• [EXERCISE]
Write out the data below exactly, beginning with the first line and ending once the line that has "Plataforma no Leviathan, maior" is written.

□ □ □ □

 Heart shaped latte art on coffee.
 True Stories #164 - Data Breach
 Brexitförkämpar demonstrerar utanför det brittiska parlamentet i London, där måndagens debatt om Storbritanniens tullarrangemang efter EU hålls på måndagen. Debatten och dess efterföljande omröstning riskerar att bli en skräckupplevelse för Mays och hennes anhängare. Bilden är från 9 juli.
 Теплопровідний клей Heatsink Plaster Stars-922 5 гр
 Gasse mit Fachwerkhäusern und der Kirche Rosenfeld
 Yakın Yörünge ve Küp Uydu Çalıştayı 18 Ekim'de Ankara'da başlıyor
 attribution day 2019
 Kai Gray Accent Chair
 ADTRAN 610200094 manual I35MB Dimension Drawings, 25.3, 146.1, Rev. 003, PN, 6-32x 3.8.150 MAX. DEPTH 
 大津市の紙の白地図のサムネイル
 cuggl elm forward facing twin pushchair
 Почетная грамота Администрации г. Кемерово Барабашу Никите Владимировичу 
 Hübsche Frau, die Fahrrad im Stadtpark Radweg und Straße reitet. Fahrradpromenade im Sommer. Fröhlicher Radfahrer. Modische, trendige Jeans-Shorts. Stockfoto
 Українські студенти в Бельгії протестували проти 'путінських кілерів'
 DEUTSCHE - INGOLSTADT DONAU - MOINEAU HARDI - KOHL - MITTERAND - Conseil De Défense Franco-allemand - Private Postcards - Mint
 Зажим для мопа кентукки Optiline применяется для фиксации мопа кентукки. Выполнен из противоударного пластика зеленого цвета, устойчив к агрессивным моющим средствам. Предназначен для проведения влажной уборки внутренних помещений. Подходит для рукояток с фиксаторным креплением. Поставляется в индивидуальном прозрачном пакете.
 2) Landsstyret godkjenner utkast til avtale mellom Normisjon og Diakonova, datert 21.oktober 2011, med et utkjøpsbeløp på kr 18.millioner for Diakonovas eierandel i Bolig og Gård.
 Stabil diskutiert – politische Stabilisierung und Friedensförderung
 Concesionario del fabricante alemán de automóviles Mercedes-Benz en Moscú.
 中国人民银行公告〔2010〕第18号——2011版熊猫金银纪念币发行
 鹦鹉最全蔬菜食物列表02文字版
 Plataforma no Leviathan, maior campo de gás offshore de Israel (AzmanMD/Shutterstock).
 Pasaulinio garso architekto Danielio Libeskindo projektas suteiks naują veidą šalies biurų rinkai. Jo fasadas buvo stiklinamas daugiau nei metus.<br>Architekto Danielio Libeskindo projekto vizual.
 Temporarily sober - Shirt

□ □ □ □

• [RESPONSE BOX]
 Heart shaped latte art on coffee.
 True Stories #164 - Data Breach
 Brexitförkämpar demonstrerar utanför det brittiska parlamentet i London, där måndagens debatt om Storbritanniens tullarrangemang efter EU hålls på måndagen. Debatten och dess efterföljande omröstning riskerar att bli en skräckupplevelse för Mays och hennes anhängare. Bilden är från 9 juli.
 Теплопровідний клей Heatsink Plaster Stars-922 5 гр
 Gasse mit Fachwerkhäusern und der Kirche Rosenfeld
 Yakın Yörünge ve Küp Uydu Çalıştayı 18 Ekim'de Ankara'da başlıyor
 attribution day 2019
 Kai Gray Accent Chair
 ADTRAN 610200094 manual I35MB Dimension Drawings, 25.3, 146.1, Rev. 003, PN, 6-32x 3.8.150 MAX. DEPTH 
 大津市の紙の白地図のサムネイル
 cuggl elm forward facing twin pushchair
 Почетная грамота Администрации г. Кемерово Барабашу Никите Владимировичу 
 Hübsche Frau, die Fahrrad im Stadtpark Radweg und Straße reitet. Fahrradpromenade im Sommer. Fröhlicher Radfahrer. Modische, trendige Jeans-Shorts. Stockfoto
 Українські студенти в Бельгії протестували проти 'путінських кілерів'
 DEUTSCHE - INGOLSTADT DONAU - MOINEAU HARDI - KOHL - MITTERAND - Conseil De Défense Franco-allemand - Private Postcards - Mint
 Зажим для мопа кентукки Optiline применяется для фиксации мопа кентукки. Выполнен из противоударного пластика зеленого цвета, устойчив к агрессивным моющим средствам. Предназначен для проведения влажной уборки внутренних помещений. Подходит для рукояток с фиксаторным креплением. Поставляется в индивидуальном прозрачном пакете.
 2) Landsstyret godkjenner utkast til avtale mellom Normisjon og Diakonova, datert 21.oktober 2011, med et utkjøpsbeløp på kr 18.millioner for Diakonovas eierandel i Bolig og Gård.
 Stabil diskutiert – politische Stabilisierung und Friedensförderung
 Concesionario del fabricante alemán de automóviles Mercedes-Benz en Moscú.
 中国人民银行公告〔2010〕第18号——2011版熊猫金银纪念币发行
 鹦鹉最全蔬菜食物列表02文字版
 Plataforma no Leviathan, maior campo de gás offshore de Israel (AzmanMD/Shutterstock).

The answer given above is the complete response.